# What is expected
Please retype the listing below exactly as it stands, skipping any pictures.
*** Given material ***
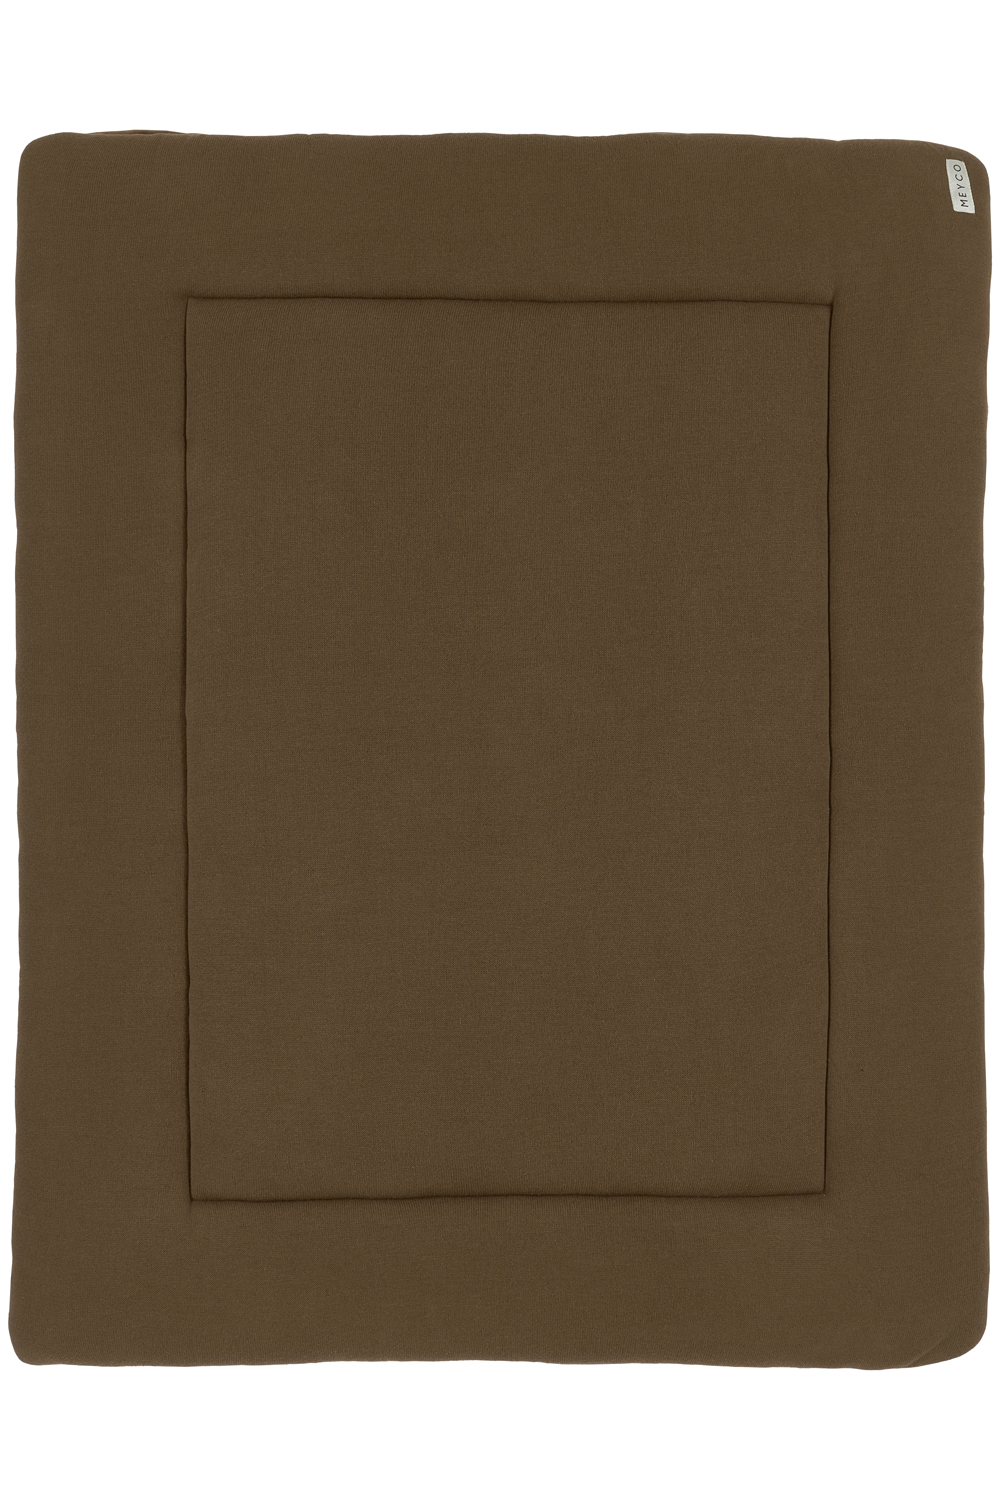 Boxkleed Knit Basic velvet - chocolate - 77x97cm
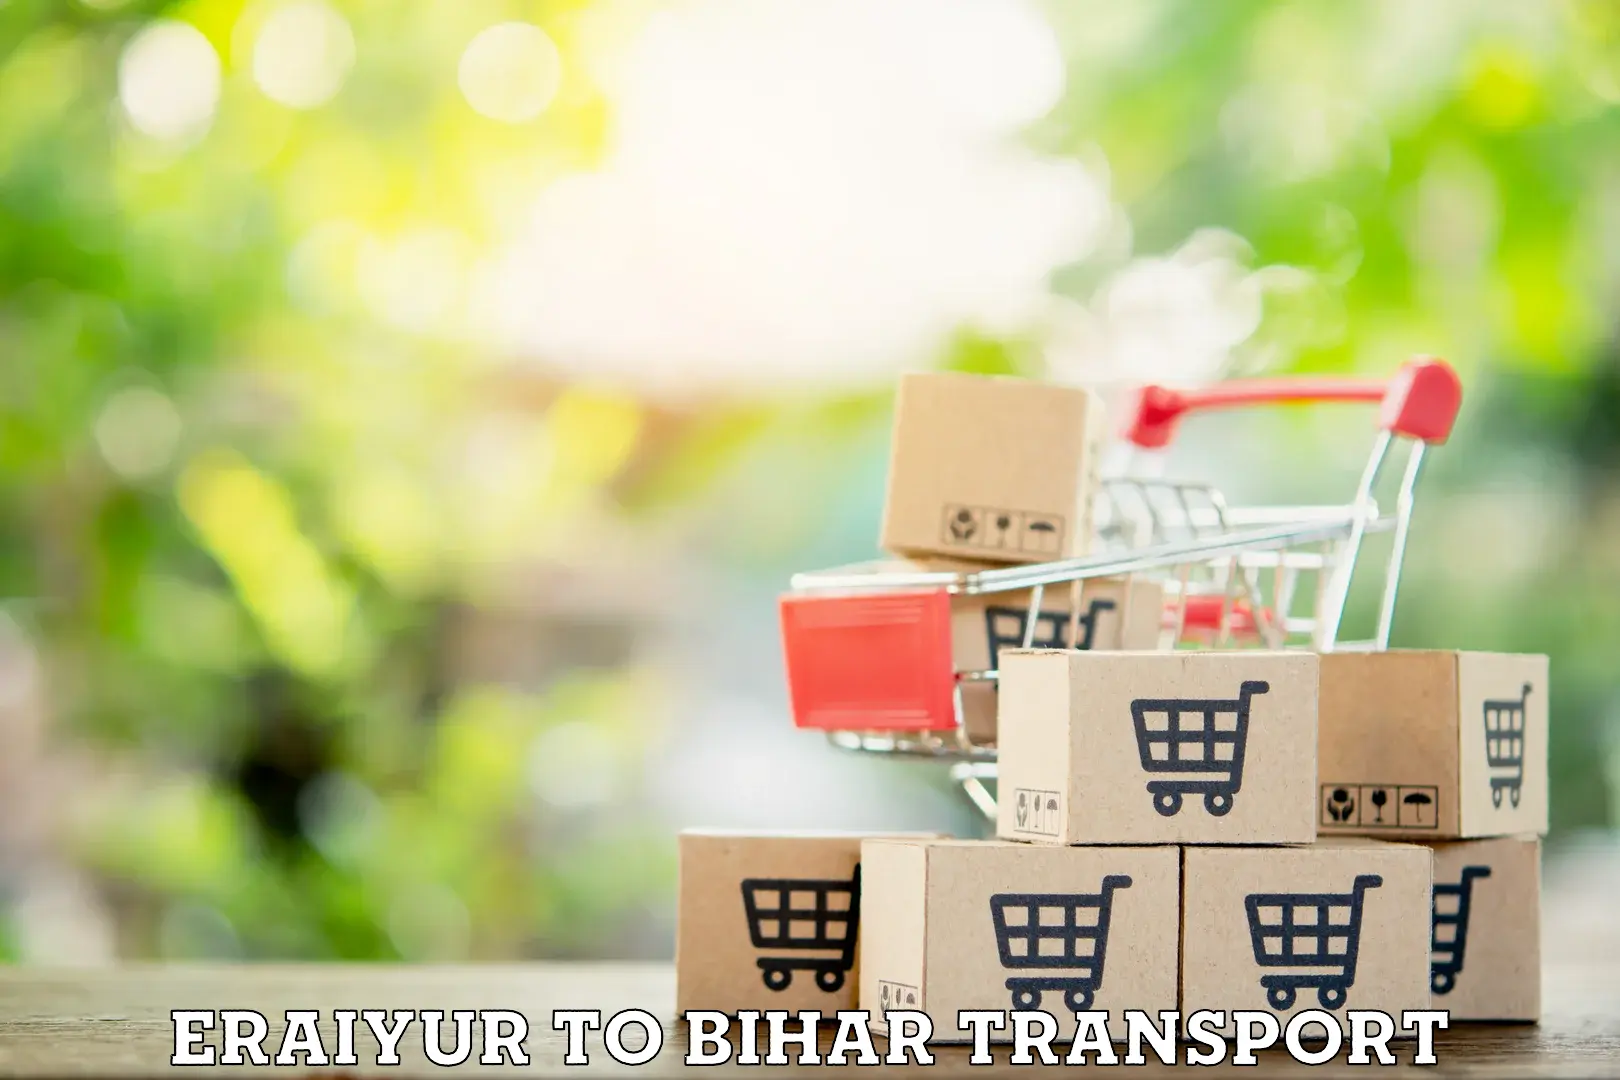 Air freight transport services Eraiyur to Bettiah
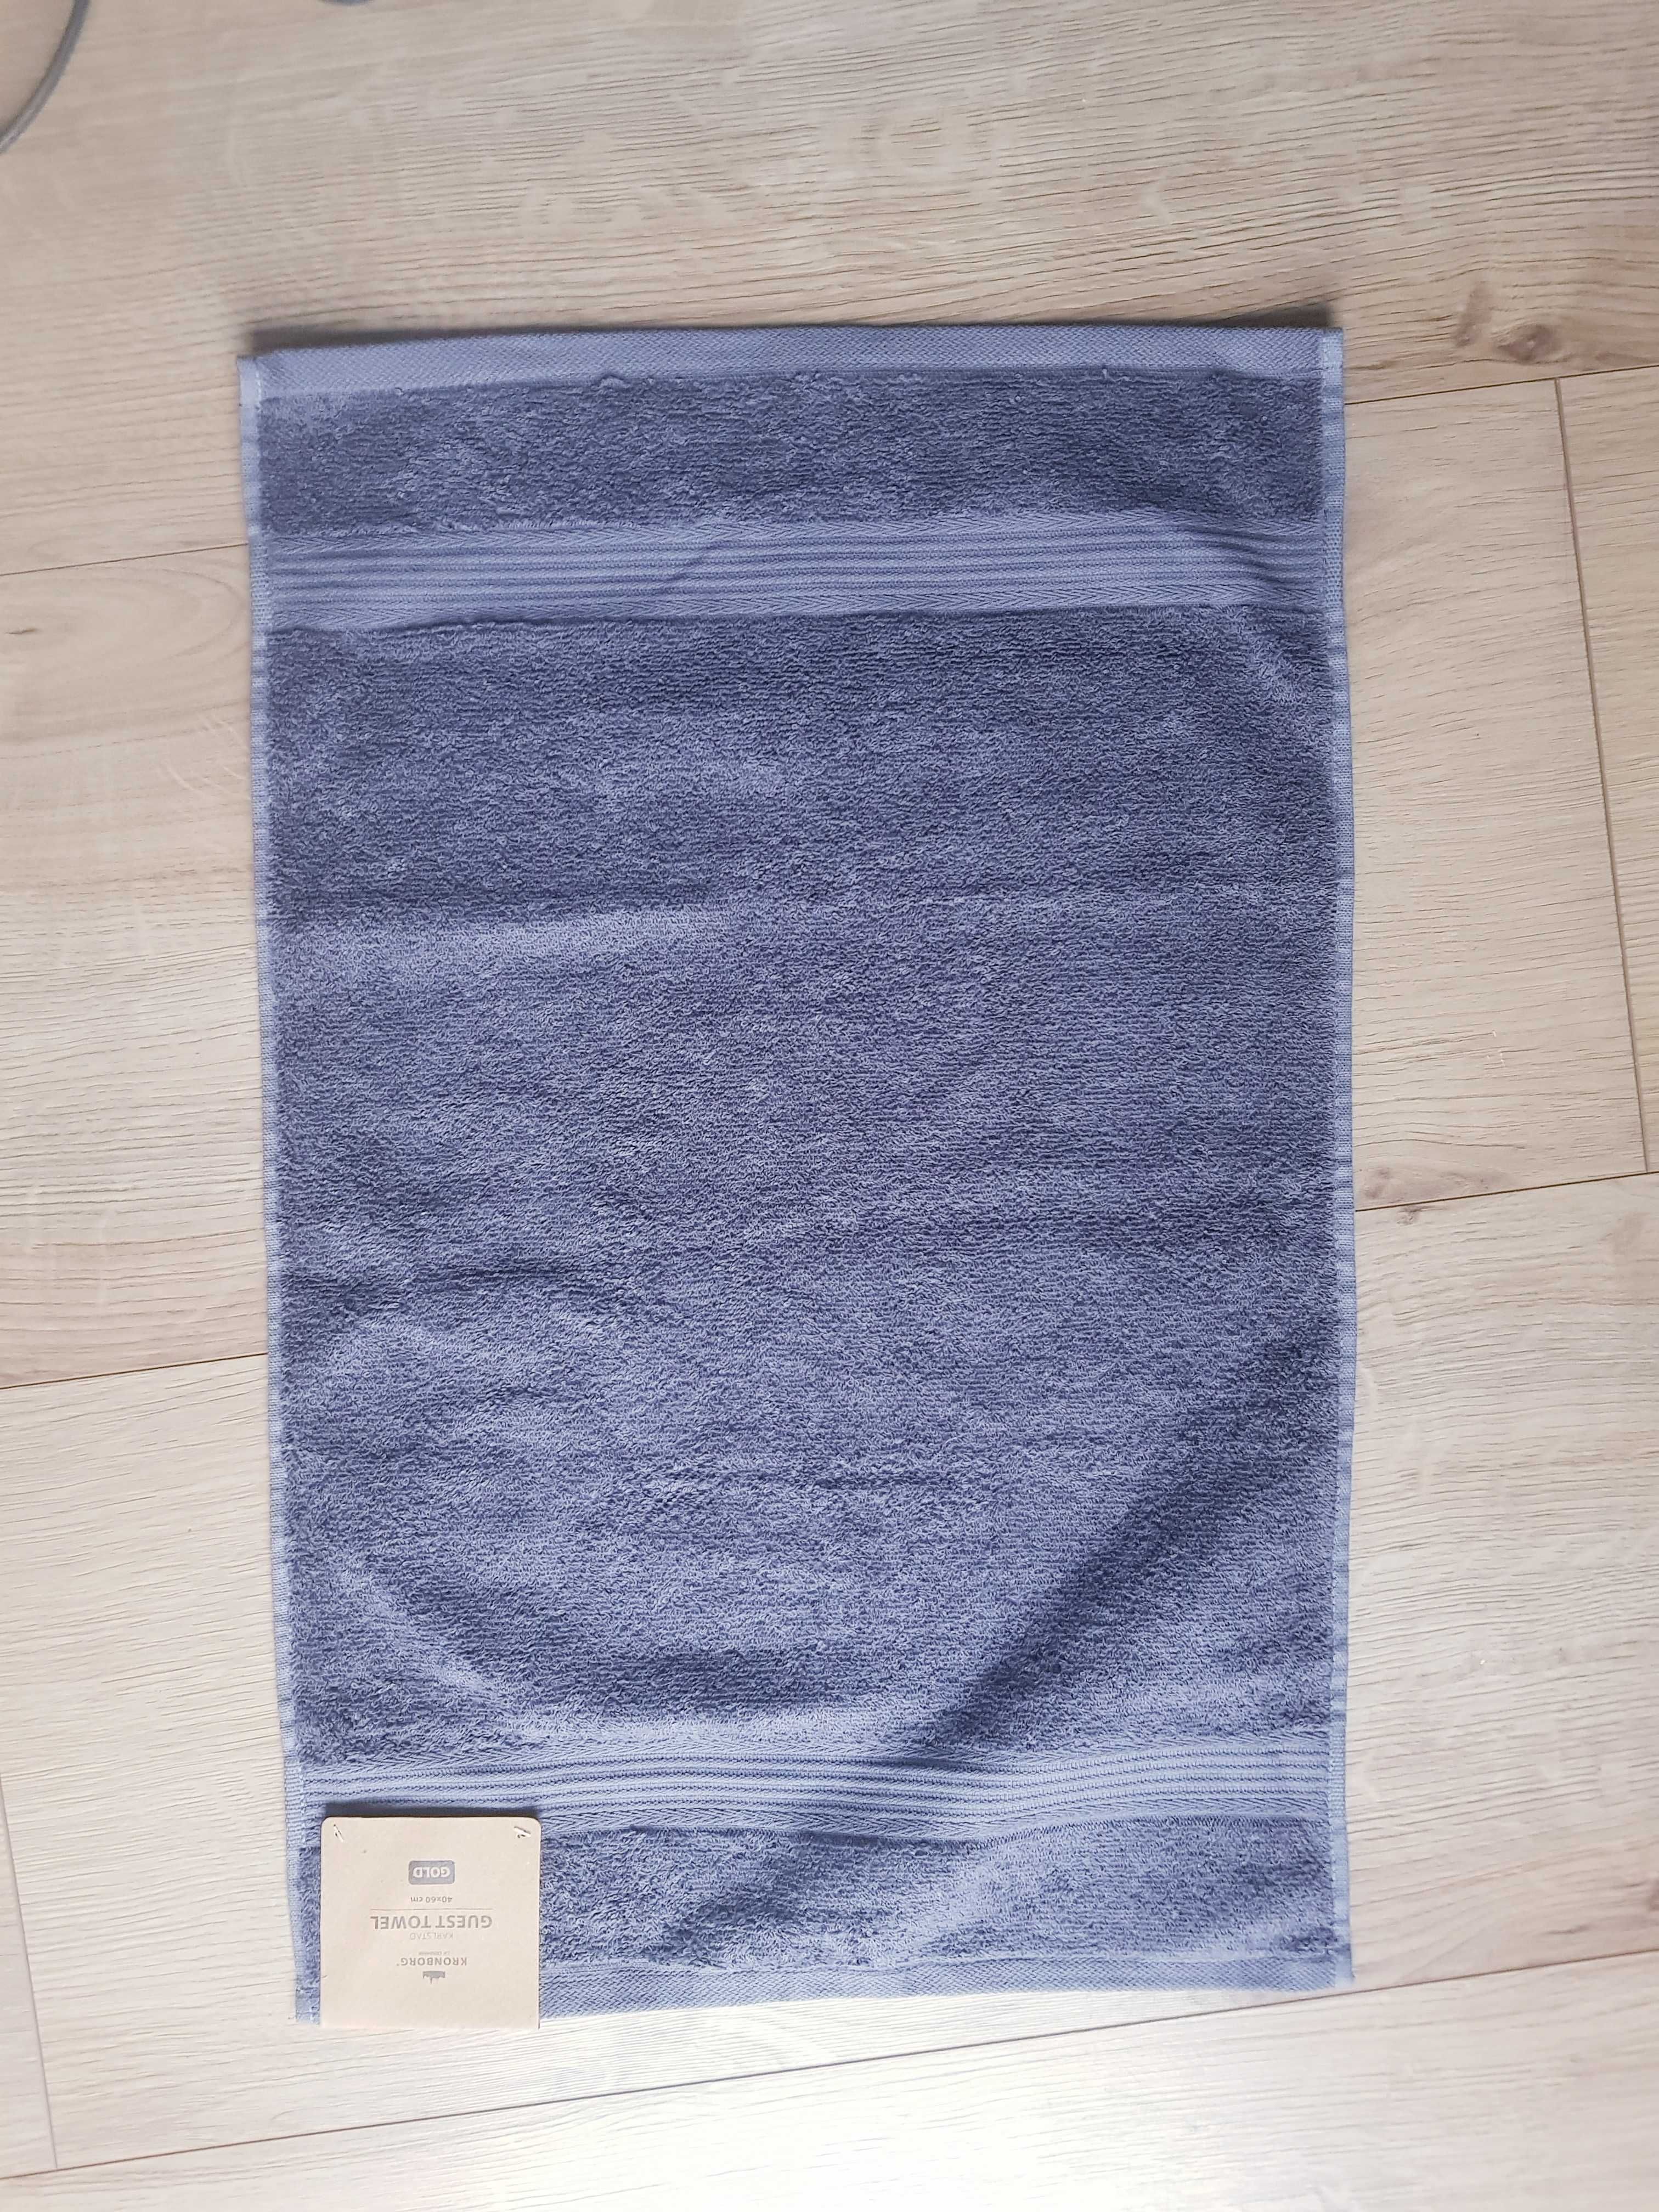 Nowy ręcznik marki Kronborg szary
*** End of Given material ***
# Answer box
 Boxkleed Knit Basic velvet - chocolate - 77x97cm
 Air freight transport services Eraiyur to Bettiah
 Nowy ręcznik marki Kronborg szary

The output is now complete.